Looking at 1). I think this simply means that hedging losses form part of the normal business and are not treated any differently under the WFT to treatment under the existing taxes. This distinguishes the treatment of hedge losses from the expenditures on finance and decommissioning which are not deductible under the WFT but are deductibles under the existing taxes.
I think your conclusion is correct if hedging matched production ‘Can't help thinking if it was possible to hedge the lot at $70 all the uncertainty would disappear we would know free cash flow with certainty and would only need to worry about operational issues.’. Another way of getting to it.
Let’s consider the top line, revenue, for 73m barrels of production, oil price of $100, and three situations, a) where 0% is hedged, b) where 100% is hedged and c) where 50% is hedged @$70.
a) Revenue = 73m x $100 = $7.3b
b) Revenue = 73m x $70 = $5.1b
c) Revenue = $7.3b above minus hedging loss of (73m/2) x $30 = $7.3b - $1.095b = $6.2b
For the calculation of WFT the same deductions for costs are applied. Let’s say they amount to $4b.
The post-tax profit after WFT but ignoring existing tax is, under
a) $7.3b – (($7.3b - $4b) x 35%) = $7.3b - $1.155b = $6.15b - no hedging
b) $5.1b – (($5.1b - $4b) x 35%) = $5.1b - $0.385b = $4.71b - 100% hedged @$70
c) $6.2b – (($6.2b - $4b) x 35%) = $6.2b - $0.77b = $5.4b - 50% hedged @$70
Going back to your conclusion, under b) the post-tax profit is $4.71b regardless of the price of oil, offering the certainty you refer to.
Under a) & c) the post-tax profit will be lower than under b) if the price of oil drops below $70 but is always higher at prices above $70.
At prices above $100, revenue minus costs gains will be taxed at the WFT rate of 35% but that still leaves the balance with HBR.
However, an attempt at 100% hedging brings its own risk. If actual production fails to reach or exceed the hedging obligations, then if the price moves the wrong way HBR would pay the difference.
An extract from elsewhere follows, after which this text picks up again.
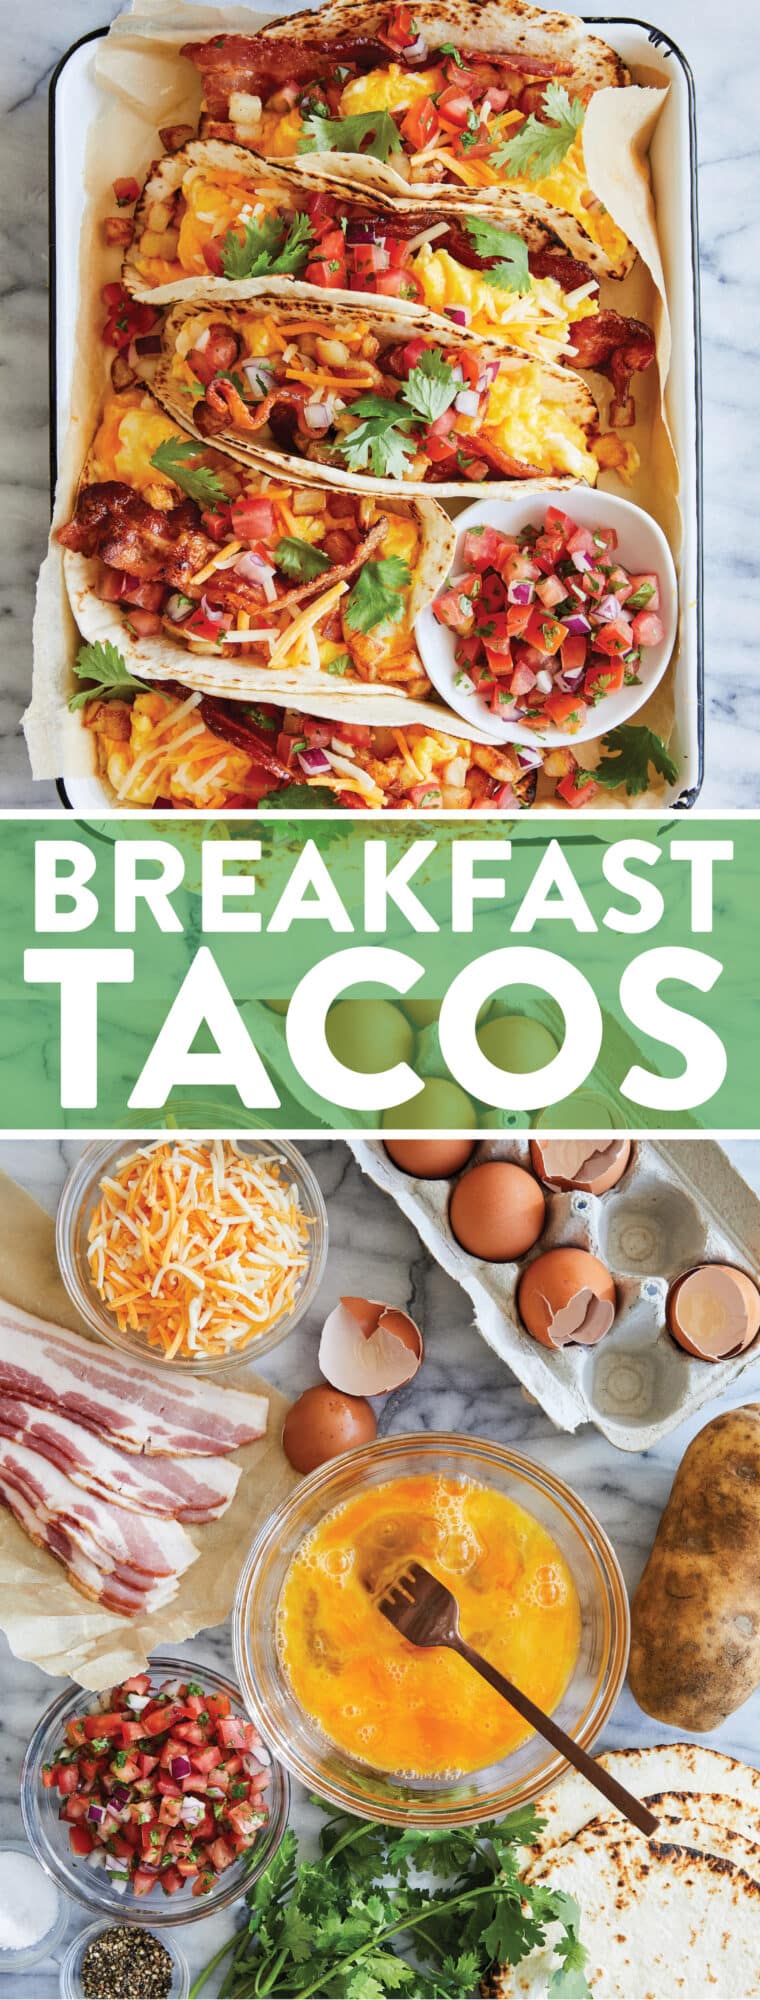 Breakfast Tacos - An absolute crowd favorite! Served in warm tortillas with crispy bacon, potatoes, scrambled eggs and your favorite toppings!

I appreciate I may have misunderstood your point. If so, please correct me,
BHP has raised their offer from A$25 to A$28.25, with latest closing price A$26.3.
I've been an investor in BHP for many years and my read is that if OZ doesn't accept the raised offer BHP will walk.
I hope the deal goes through. I don't remember the detail but when I looked at this a few months back it seemed a good move by BHP.